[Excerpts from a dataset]

===

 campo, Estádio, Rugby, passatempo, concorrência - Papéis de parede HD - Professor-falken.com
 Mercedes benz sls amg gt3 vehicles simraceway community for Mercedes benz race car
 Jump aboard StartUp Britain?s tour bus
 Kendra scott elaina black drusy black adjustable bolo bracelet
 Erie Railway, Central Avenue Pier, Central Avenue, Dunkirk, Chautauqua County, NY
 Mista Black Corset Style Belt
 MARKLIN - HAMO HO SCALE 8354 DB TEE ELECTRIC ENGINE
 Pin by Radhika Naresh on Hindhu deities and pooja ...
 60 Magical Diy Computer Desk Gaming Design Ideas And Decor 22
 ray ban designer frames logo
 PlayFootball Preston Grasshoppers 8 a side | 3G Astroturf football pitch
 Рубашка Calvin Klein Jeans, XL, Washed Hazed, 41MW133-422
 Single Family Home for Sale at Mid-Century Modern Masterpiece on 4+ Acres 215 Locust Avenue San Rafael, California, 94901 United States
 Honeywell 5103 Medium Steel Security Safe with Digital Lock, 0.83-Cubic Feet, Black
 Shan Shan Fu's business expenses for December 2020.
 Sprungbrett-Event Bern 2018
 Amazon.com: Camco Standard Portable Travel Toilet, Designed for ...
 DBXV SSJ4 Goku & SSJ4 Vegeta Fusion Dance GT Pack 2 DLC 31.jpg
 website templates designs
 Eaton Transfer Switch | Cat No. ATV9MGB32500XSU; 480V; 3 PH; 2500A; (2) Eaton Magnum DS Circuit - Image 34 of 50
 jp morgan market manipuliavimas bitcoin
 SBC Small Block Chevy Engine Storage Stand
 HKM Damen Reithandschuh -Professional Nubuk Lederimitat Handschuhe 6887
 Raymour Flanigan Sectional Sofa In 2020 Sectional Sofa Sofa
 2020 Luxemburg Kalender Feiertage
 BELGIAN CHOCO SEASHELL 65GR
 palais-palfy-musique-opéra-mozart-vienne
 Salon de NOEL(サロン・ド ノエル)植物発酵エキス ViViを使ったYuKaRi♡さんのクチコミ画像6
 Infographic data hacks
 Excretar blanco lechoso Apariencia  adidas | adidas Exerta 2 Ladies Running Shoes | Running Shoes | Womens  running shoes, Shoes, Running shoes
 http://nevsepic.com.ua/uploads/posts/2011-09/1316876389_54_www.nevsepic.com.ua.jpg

===

■ Exercise prompt:
Tally how many lines of the data include the word "Avenue". Write the number and nothing else.

■ Exercise answer:
2